Introducing The Next Generation Of Leaders And Thinkers

Accept, Forgive, Reclaim, Repeat – On “Getting Over It”

I have a lot of repressed anger; I’ve come to recognise that it is both cause and effect of my depression and it’s not all just going to disappear on it’s own so I need to find a healthy way to get rid of it. It’s bad for my mental health, and it limits my ability to engage constructively in discussions about feminism. Here’s what I’ve come up with: accept, forgive, reclaim, repeat.

I accept that I have depression and anxiety and those are hard things to deal with. I forgive the teachers who saw my symptoms as signs that I didn’t care about school or that I was being ‘led astray’ by bad friends. I forgive my parents for the times they told me to just toughen up. I forgive the friends who misinterpreted or ignored my symptoms. I forgive myself for all the time and opportunities I didn’t take full advantage of because of my depression. I reclaim joy. I claim healthy, supportive relationships as things I’m entitled to just as much as anyone else.

I accept that I am black, and Nigerian, and some people have a problem with that. I forgive the unintentionally offensive questions like ‘do you have a pet elephant’. I forgive the casually racist remarks my white friends don’t even blink at. I forgive the people who continue to ignore the issues my country faces because they’ve been conditioned to do so by a society that paints Africa as an underdeveloped, homogenous monolith. I forgive myself for the ways in which I have contributed to stereotypes. I’m not happy about it, but I forgive it because I can’t hold on to all this anger. I reclaim my history. Well, I try to reclaim my history. It’s been warped by a colonialist, revisionist narrative that’s still holding black people down but I am trying.

I accept that I am female and some people will always look down on my because of my gender. I forgive the girls who insist they’re not like ‘the other girls’ because I know misogyny is difficult to free yourself from. I’m still annoyed by them, but I forgive casually sexist remarks because patriarchy is a pervasive, self-replicating system and when it’s all you’ve ever known you don’t question it. I forgive myself for the rude remarks I almost make about other women but catch while they’re on the tip of my tongue. I reclaim the strength that some men would argue women cannot have. I reclaim space and demand representation in meetings and professions and areas of life that women have just as much right to as men.

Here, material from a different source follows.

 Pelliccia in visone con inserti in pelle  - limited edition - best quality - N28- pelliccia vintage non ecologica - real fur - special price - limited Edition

And I accept that I am queer. It is so hard in a heteronormative world, in a country where kissing a girl would expose me to criminal charges but I am trying. I accept that I have friends and family members and teachers and strangers who will never be okay with that, and I’m trying to get to a place where I don’t really care. I forgive those people who are too narrow-minded to understand all the kinds of love human beings are capable of. I forgive the people who just can’t let go of the way they were brought up, what they’ve heard in church or the mosque or at school. I forgive my family for the many homophobic remarks I’ve heard from them. I forgive myself for the times when I could have done more to speak up and make environments more inclusive and I didn’t.

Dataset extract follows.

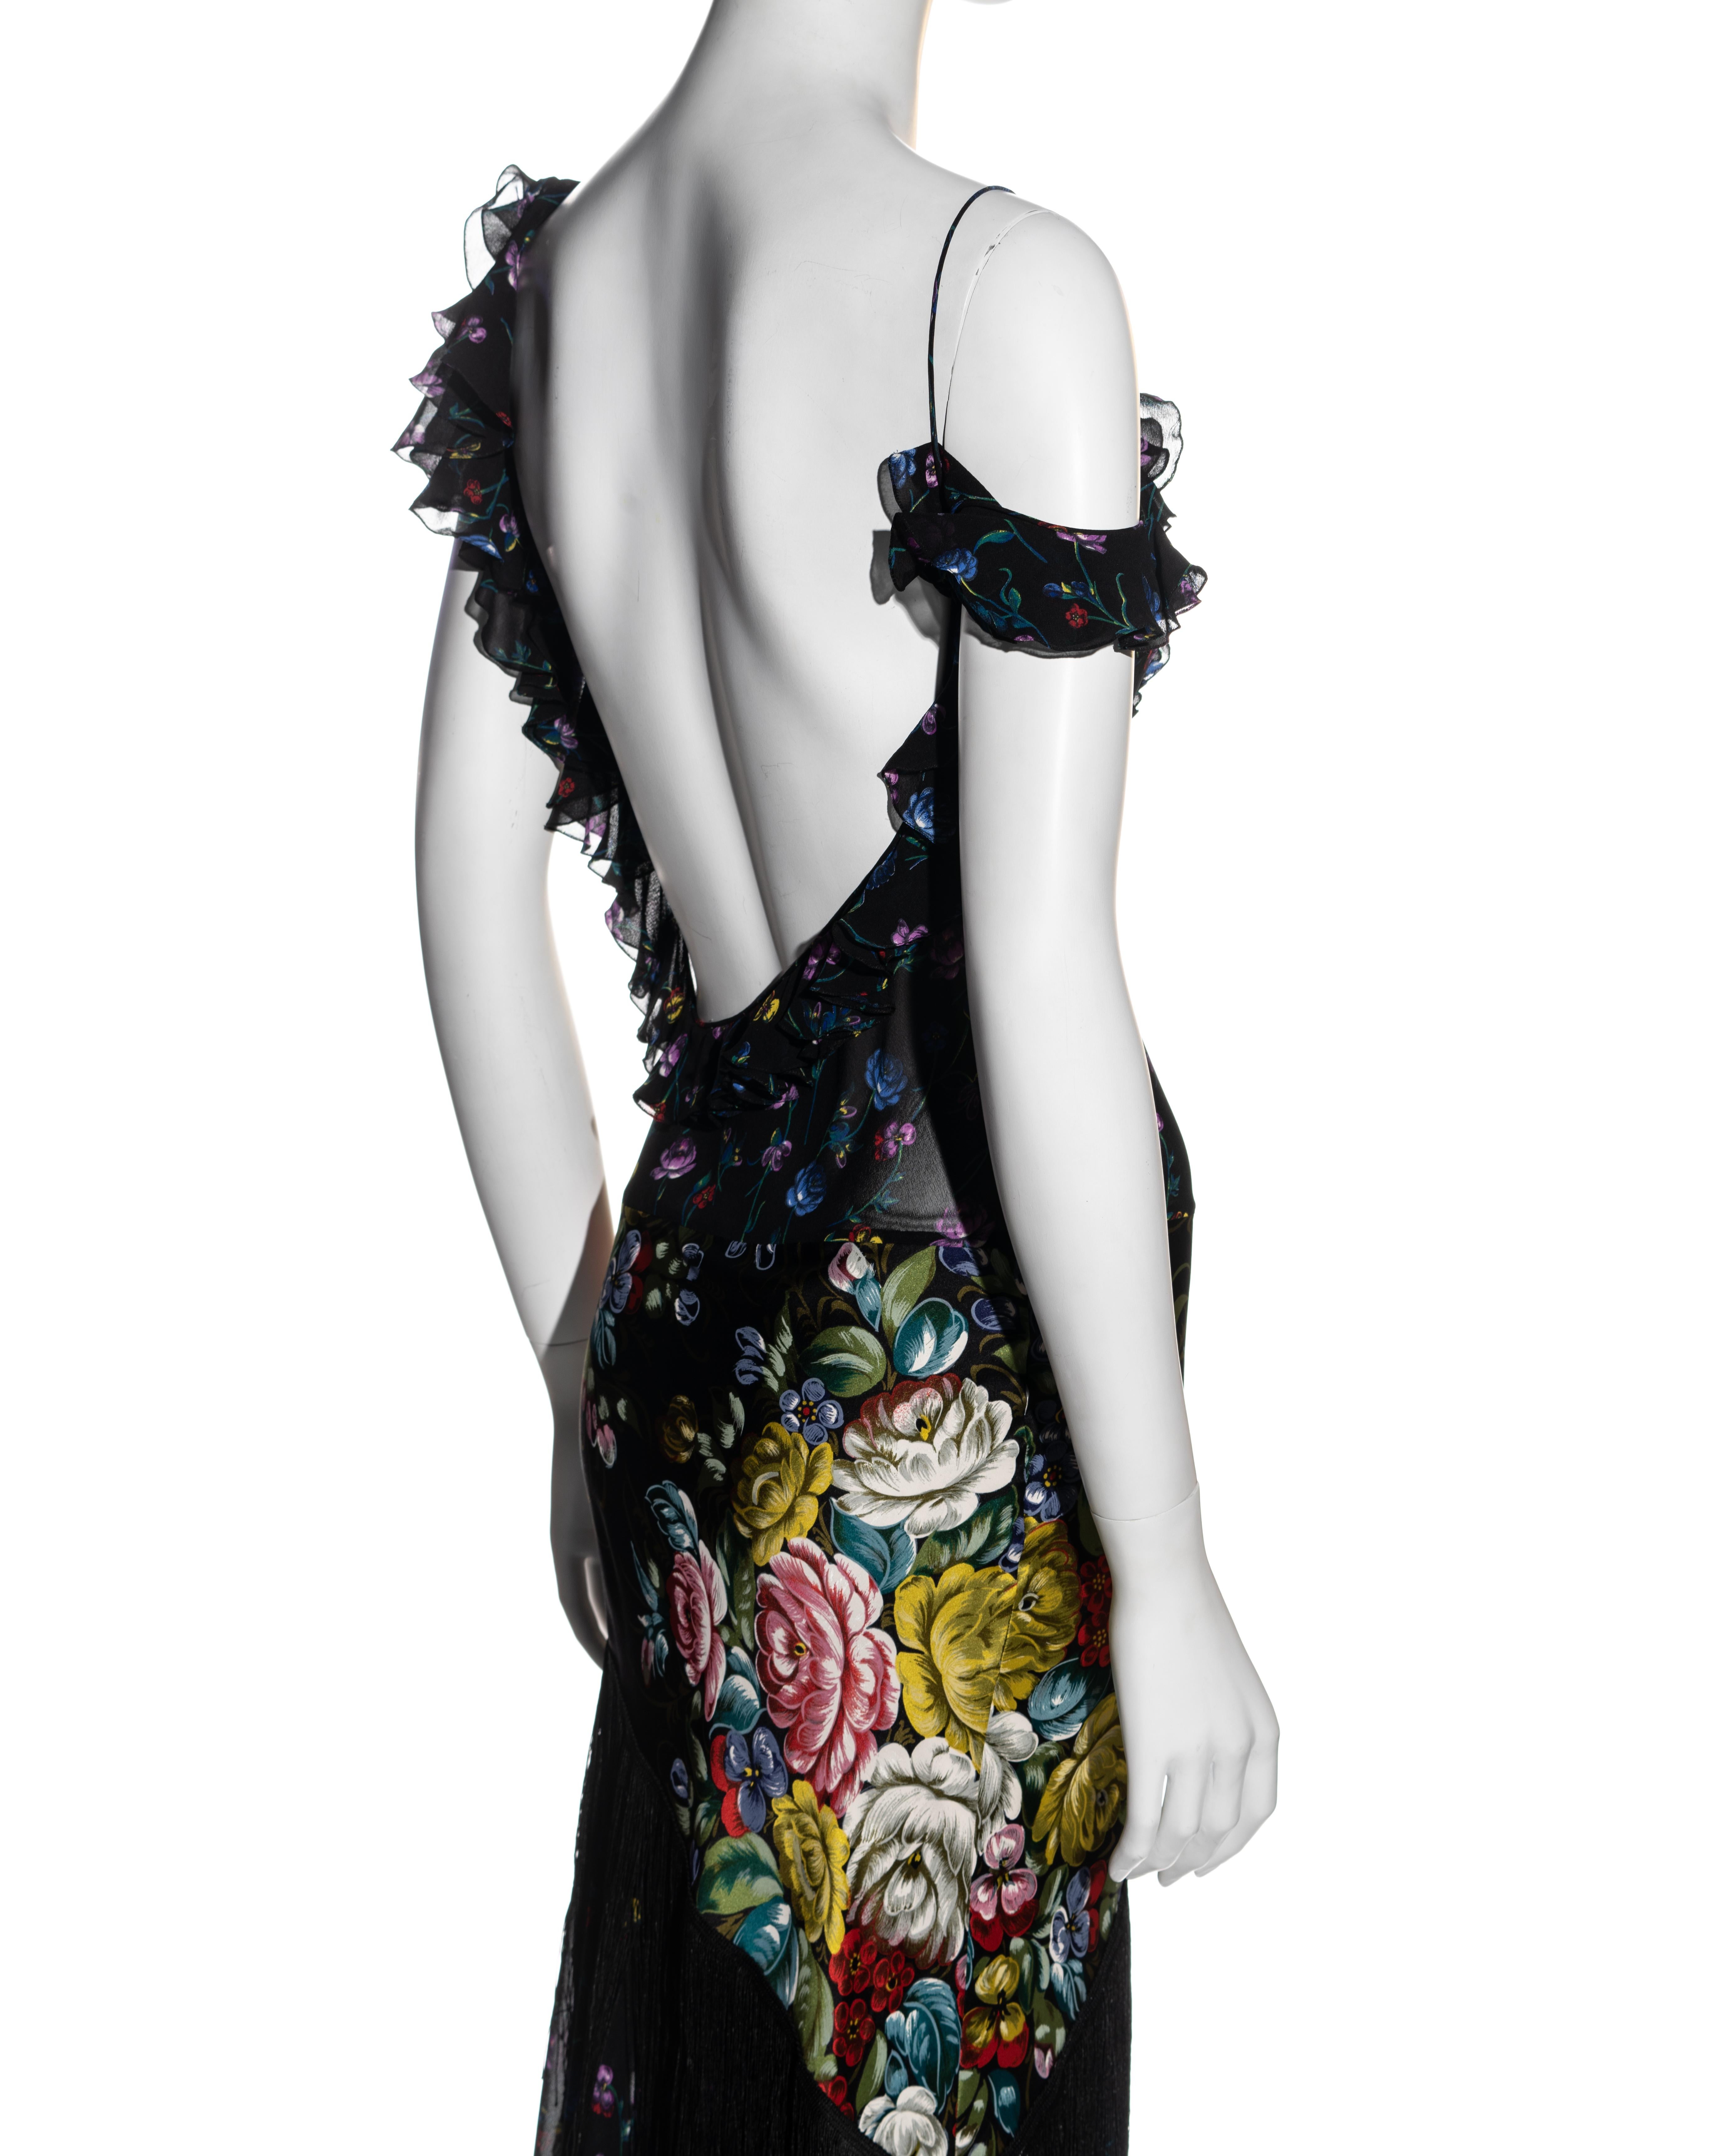 Women's John Galliano floral silk low back evening dress with fringed skirt, ss 1997

I cannot let other people’s negativity continue to weigh me down. I reclaim negative terms as self-identifiers because I will not let my identity continue to be used against me as a source of shame. I reclaim all the LGBT people in history – especially the people of color – who have been erased and straight-washed and white-washed and ignored in order to advance this stupid idea that being queer is something that’s new, or only for white people or a symptom of degenerate societies.

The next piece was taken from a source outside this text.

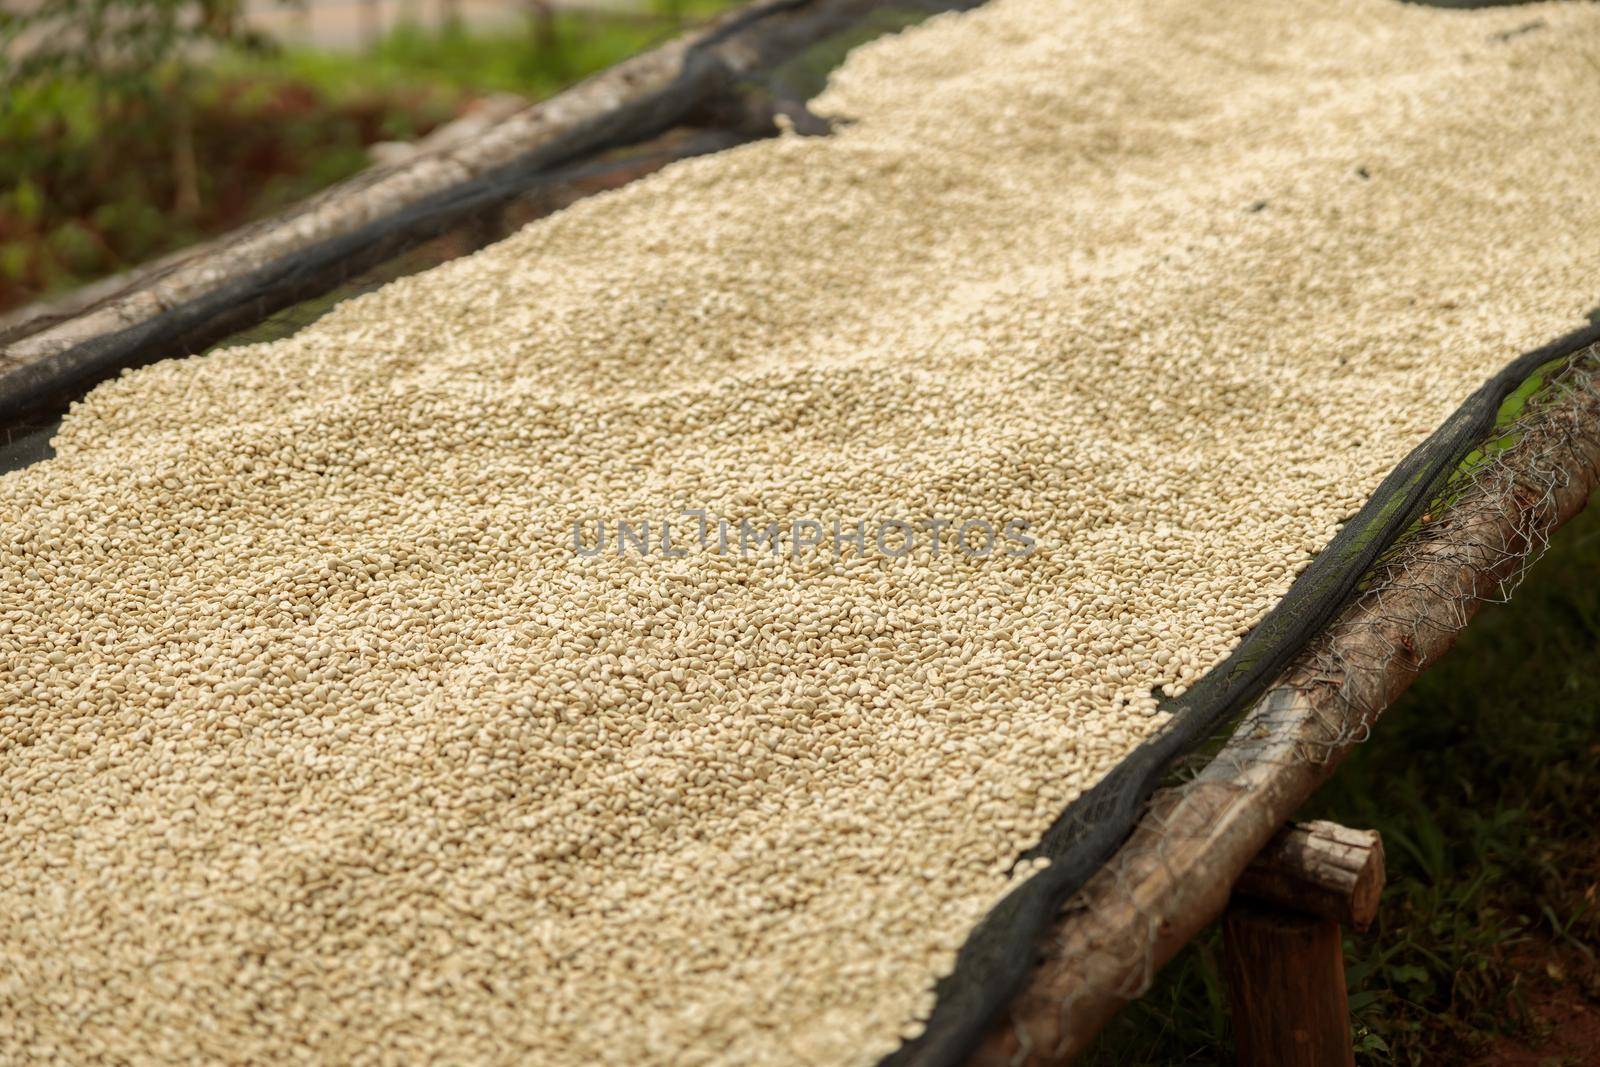 Close up of coffee natural drying process at washing station in Africa, copy space

I reject any kind of negativity based solely on these characteristics of myself that I cannot change. I forgive the people perpetuating that negativity not because I don’t hold them responsible, but because I can’t let anger or negativity always be the starting point in my interactions with other people. All my anger isn’t just going to disappear, but I can’t hold on to all this anger while the people I have problems with feel perfectly at peace. Reclaiming for myself the things other people would say I can’t have as positive forces in my life is a step towards writing my life story for myself instead of letting other people’s limitations affect me.

It is so hard to exist in a world that tells you that there are multiple aspects of who you are that make you worth less than anyone else. It is even scarier when you don’t have representation, when you don’t have communities and examples of other people who are living at the same intersections that you are and thriving. That is why I share these feelings and experiences. I need to work through my pain and I’d love to be able to see other people work through their pain with a level of honesty and openness that sends a message of ‘you’re not alone’ to people still struggling with the acceptance part. I think I deserve to feel comfortable in my own skin, and I think you do too, and I really hope we can get there together.